We talked about Secure Transport and how clients of the Security Framework can use that to protect data as it travels over the network between devices. We talked about trust evaluation and how technologies like Secure Transport and application signing rely upon it to know that it can trust digitally signed objects. And we talked about the data protection feature in iOS and how it can help to protect the customer's data on a compromised device.

So we have a lot of really good references online if you'd like to learn more about all of the technologies that are available in the Security Framework. In particular, we have two really good introductions to the API set, as well as a secure coding guide so that you can make your own application as resistant to attack as possible. And last month, we also introduced a document that goes into greater detail on the iOS Security model.

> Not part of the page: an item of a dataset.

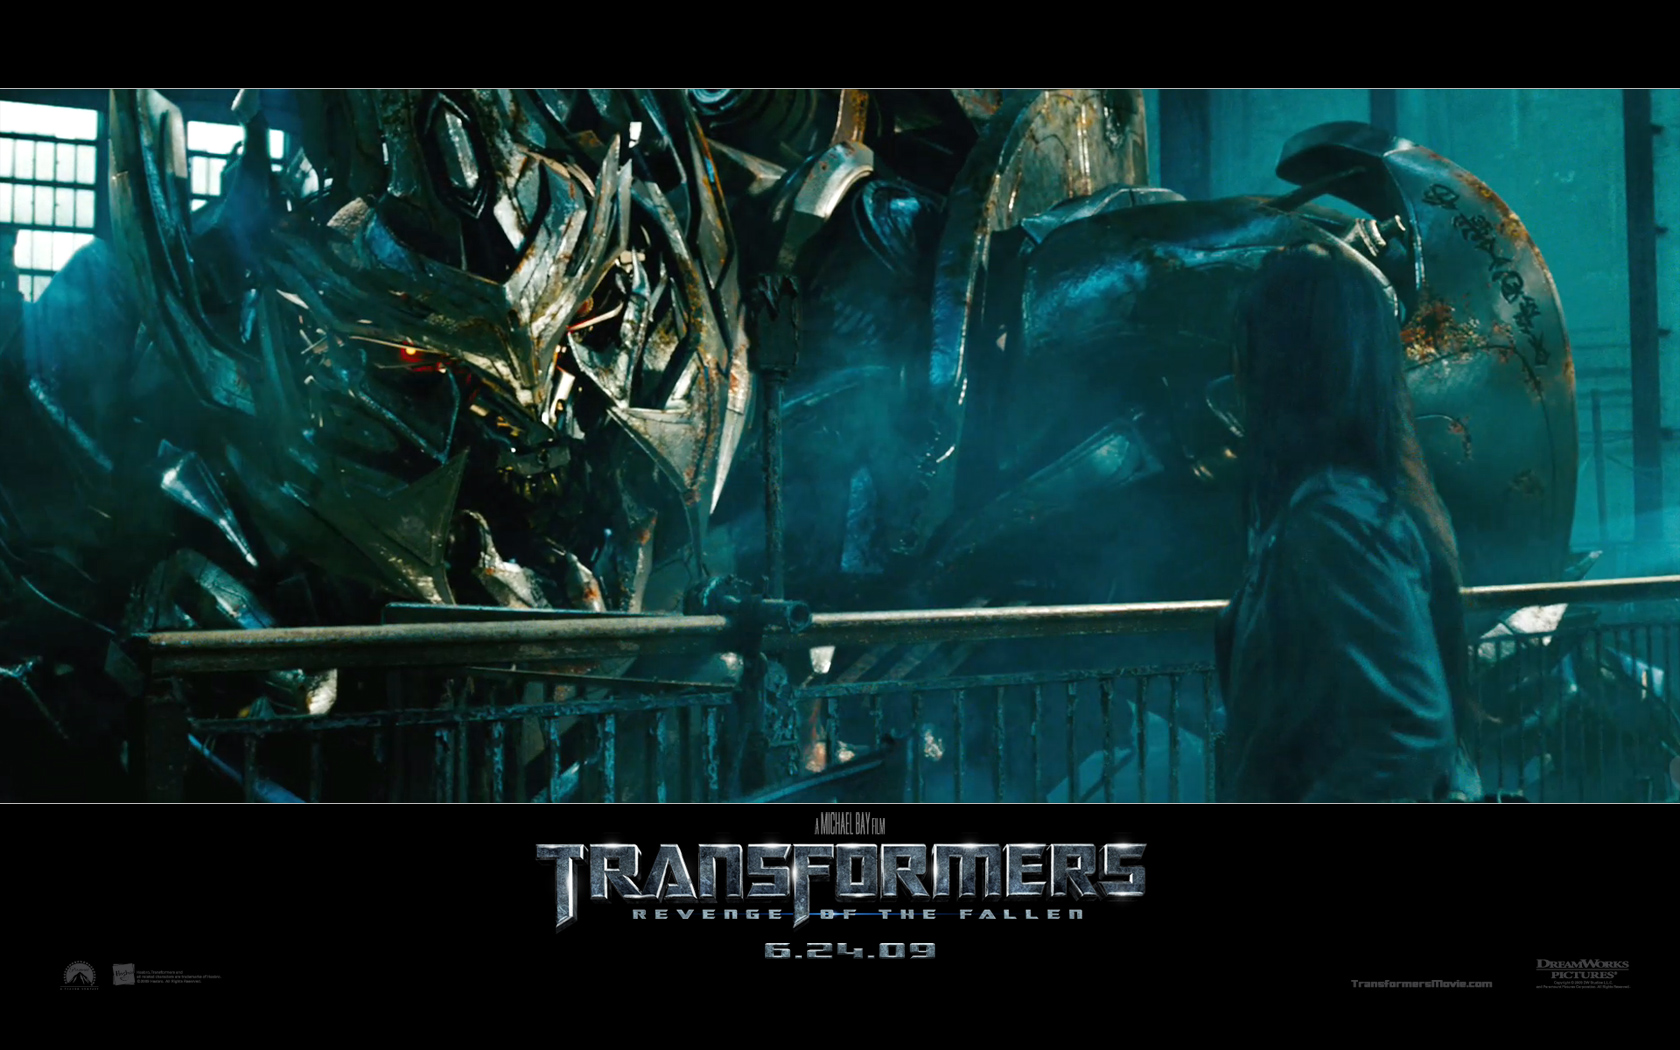 "Transformers: Revenge of the Fallen" desktop wallpaper number 2 (1680 x 1050 pixels)

If you have more information, I highly recommend that you take advantage of our Apple Developer Forums. So if you have specific questions about how things behave, other developers and Apple engineers are on those forums. We also have our evangelist, Paul Danbold. So if you have other specific questions, please feel free to contact him.

There are a number of really great sessions that are going into some greater detail on these technologies and others that we make available on both platforms. So if you missed any of these talks, we highly recommend that you can catch them online. The app sandbox talk in particular will be repeated this Friday.

We also have a very good talk about privacy support on both platforms and how your applications can take advantage of that. And then this Friday we have another talk called Protecting the User's Data, which is going to give very practical examples of how secure transport and data protection can be used by your applications. And thank you very much.